Hi, I am Hao. I have an issue with the "getPromoterSeq" function from "GenomicFeatures" package.
I was trying to obtain potential promoter sequences for all genes in maize chromosome 1. I have the sequence file "Zea_mays.AGPv4.dna.chromosome.1.fa", and the total genome annotation file "Zea_mays.AGPv4.40.gff3".
I arbitrarily defined promoter region as 2,000 bp upstream from TSS and 500 bp downstream of TSS. The code I wrote is as follows.

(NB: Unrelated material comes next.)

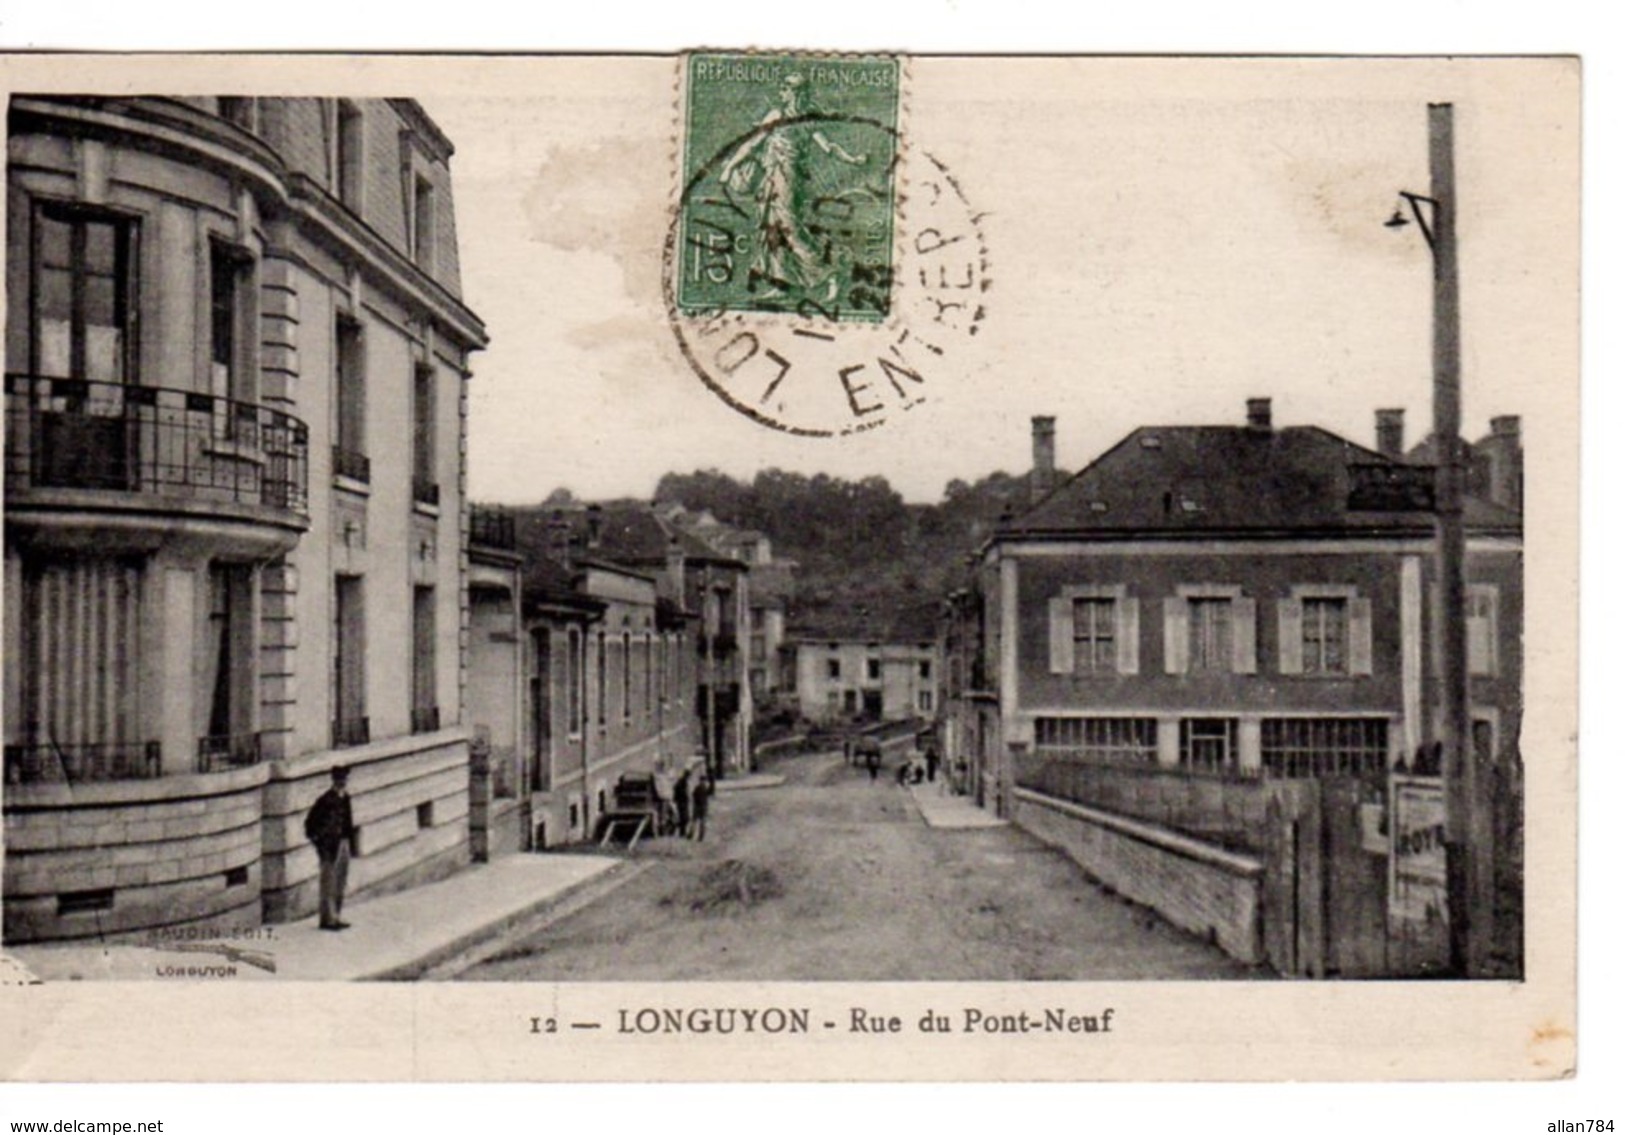 54 - CPA LONGUYON - RUE DU PONT NEUF - 1923 - CACHET PEU COMMUN ENTREPOT GARE DE LONGUYON - BON ETAT - - Longuyon

library("Rsamtools") FaFile=FaFile("Zea_mays.AGPv4.dna.chromosome.1.fa") #subject library("GenomicRanges") library("ape") gffRangedData=read.gff("Zea_mays.AGPv4.40.gff3", na.strings = c(".", "?")) myGranges<-as(gffRangedData, "GRanges") #query library("GenomicFeatures") Promoter=getPromoterSeq(myGranges,FaFile,upstream=2000, downstream=500)
However, it returned me an error after using the "getPromoterSeq" function (see below).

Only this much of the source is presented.